Initializing \bar{z} = 1 and \bar{v}_k = 0, \forall v_k \neq z,

we obtain in a single evaluation \left( \frac{\partial z}{\partial x_i}(x_1, \ldots, x_n)\right)_i = \nabla^T z(x_1, \ldots, x_n) = (0 \ldots \bar{z} \ldots 0) J(x_1, \ldots, x_n).

Advantages and inconvenients

Reverse-mode is quite a lot more complicated to implement than forward-mode as adjoints need to be computed in the reversed order of computation compared to that of the original program as illustated in the example below.

If there are less dependent than independent variables, as is often the case, its complexity is lower than that of the forward- or tagent-mode.

However, when some variables are overwritten in the program, reverse-mode also requires running the original program and recording overwritten values, and eventually some the results of some operations, when they appear in the computations of some adjoints. This add further complications compared to forward-mode and requires using a persistent “tape”, which needs to be kept in memory, or recomputing values as many times as they are required.
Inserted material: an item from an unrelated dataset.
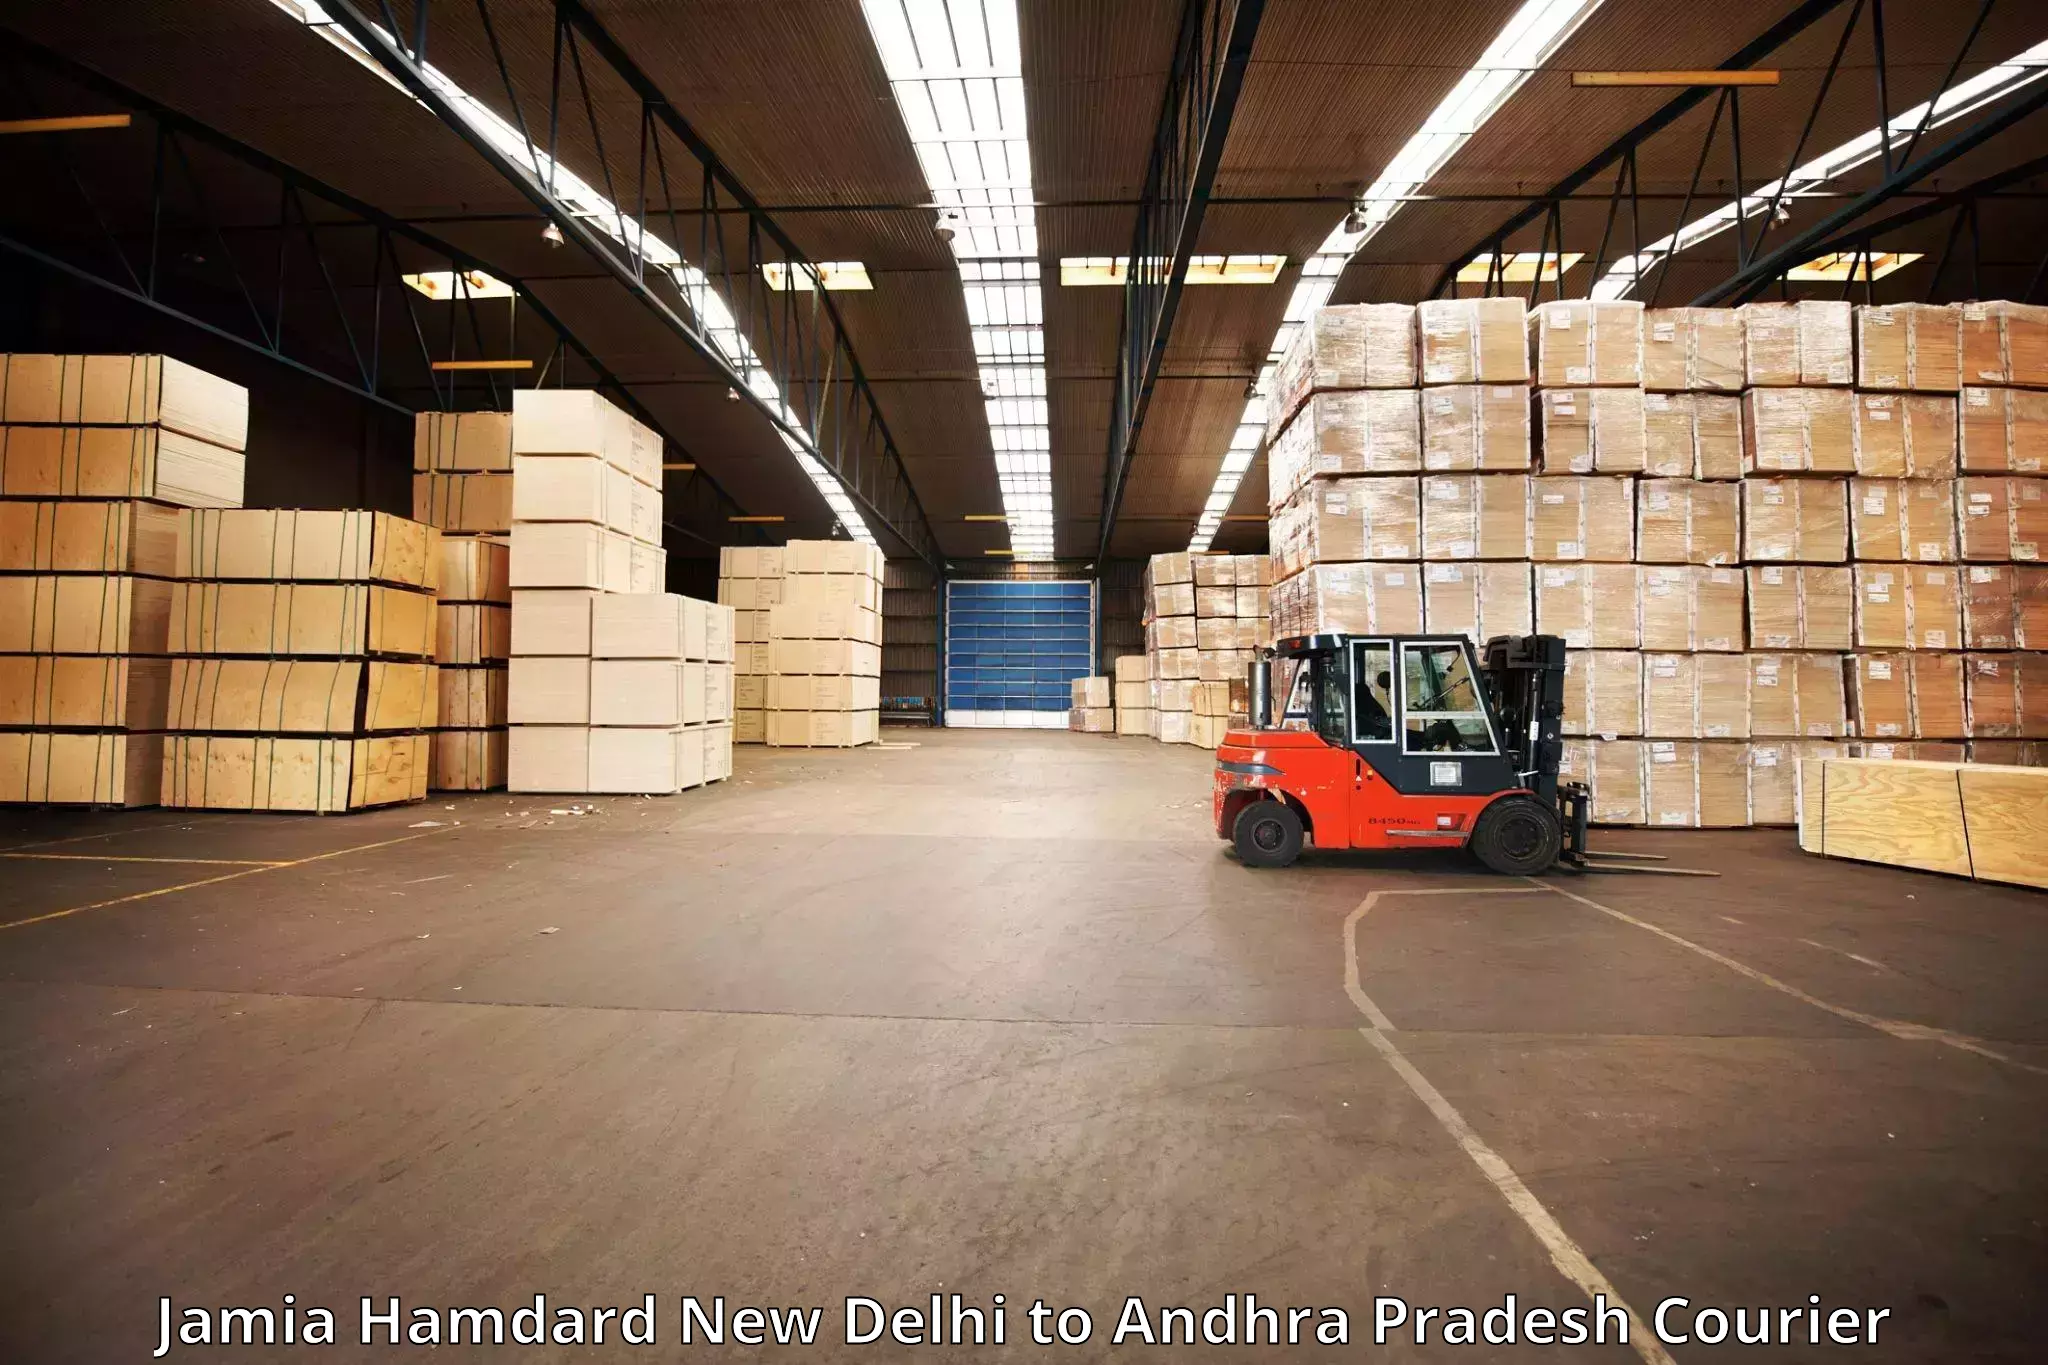 Baggage delivery technology Jamia Hamdard New Delhi to Andhra Pradesh

A simple example in reverse-mode with non-linearities

Let us consider the simple computations displayed below and illustate how to compute the adjoints \bar{x}_1 = \dfrac{\partial z}{\partial x_1} and \bar{x}_2 = \dfrac{\partial z}{\partial x_2} for a chosen dependent variable z \in \{y_1, y_2\}.

Figure made with TikZ

Simple program example

Figure made with TikZ

Reverse-mode example

Initialize with \forall i, \bar{x}_i = 0, \forall k, \bar{v}_k = 0 \text{ and choose } (\bar{y}_1 = 1, \bar{y}_2 = 0) \text{ \textbf{or} } (\bar{y}_1 = 0, \bar{y}_2 = 1) to obtain the adjoints.
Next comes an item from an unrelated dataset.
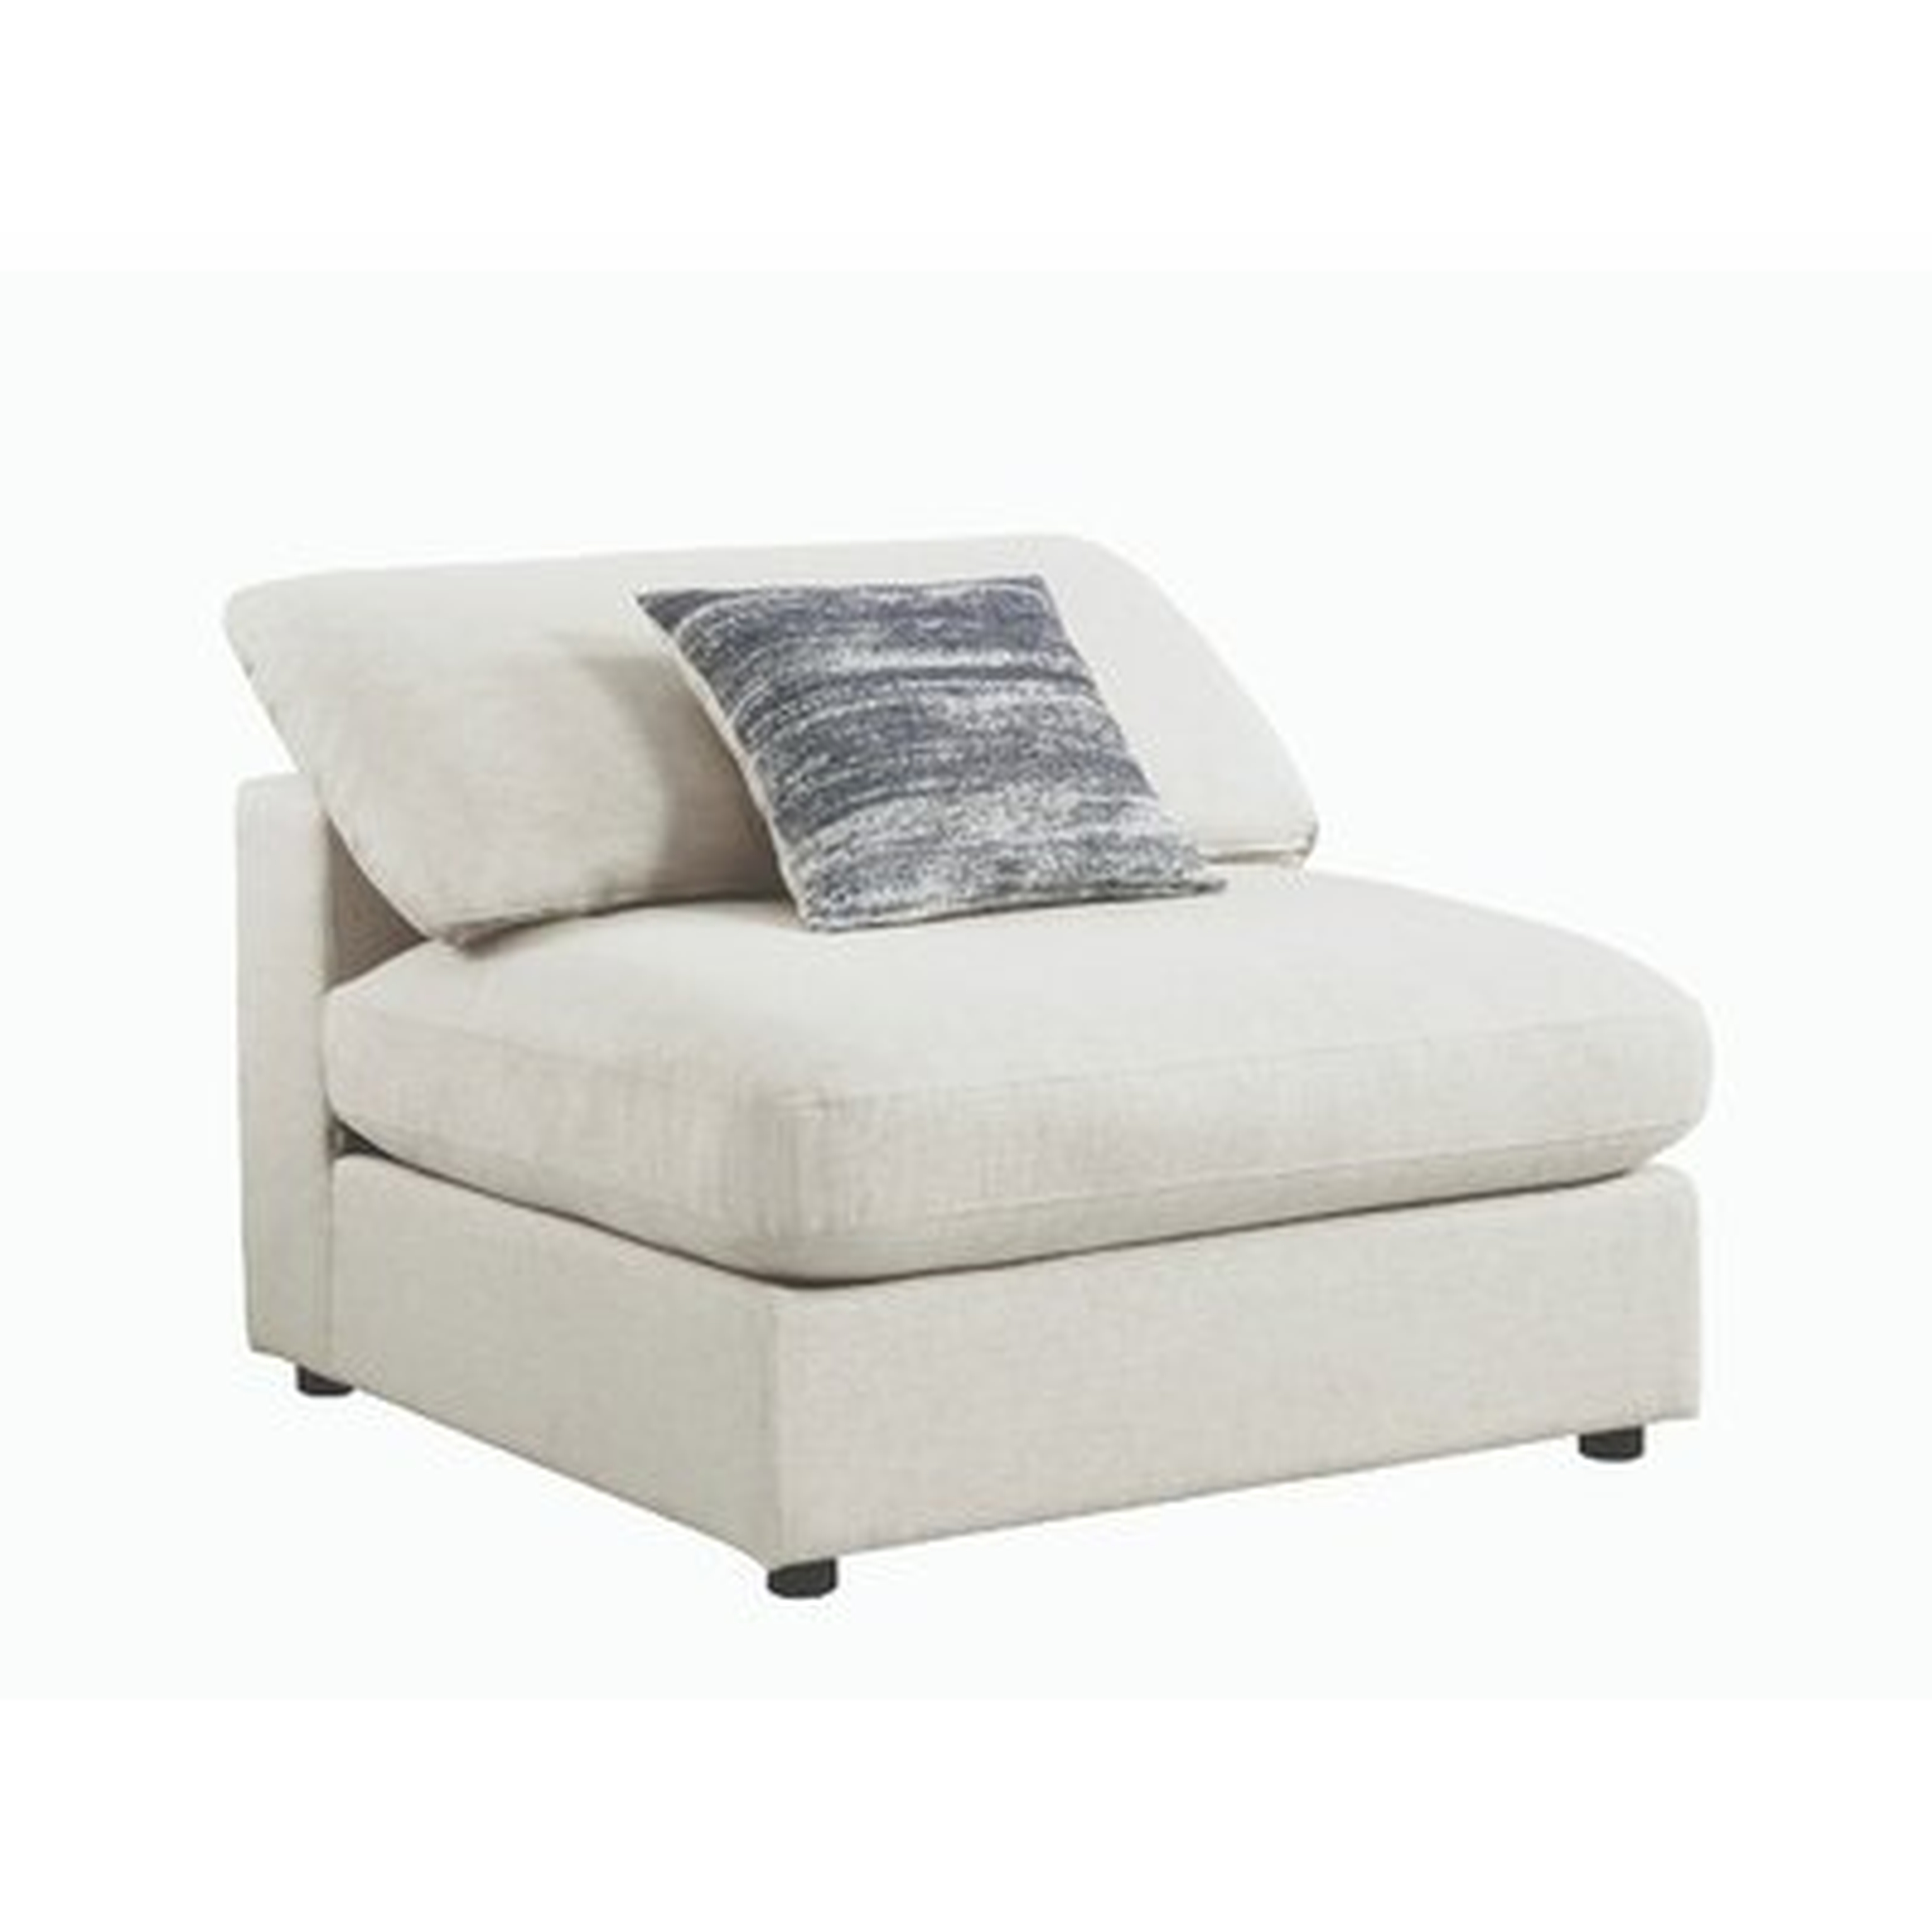 Rinker Fabric Upholstered Wooden Armless Slipper Chair - AllModern

Notice that the adjoint of variables appearing as operands in the original computations (top) are incremented in the reverse-mode ones (bottom). Moreover, non-linearities in the original occasion the presence of operation results/ non-adjoint variables in the adjoint computations, which could be either recomputed or recorded and restored from a tape.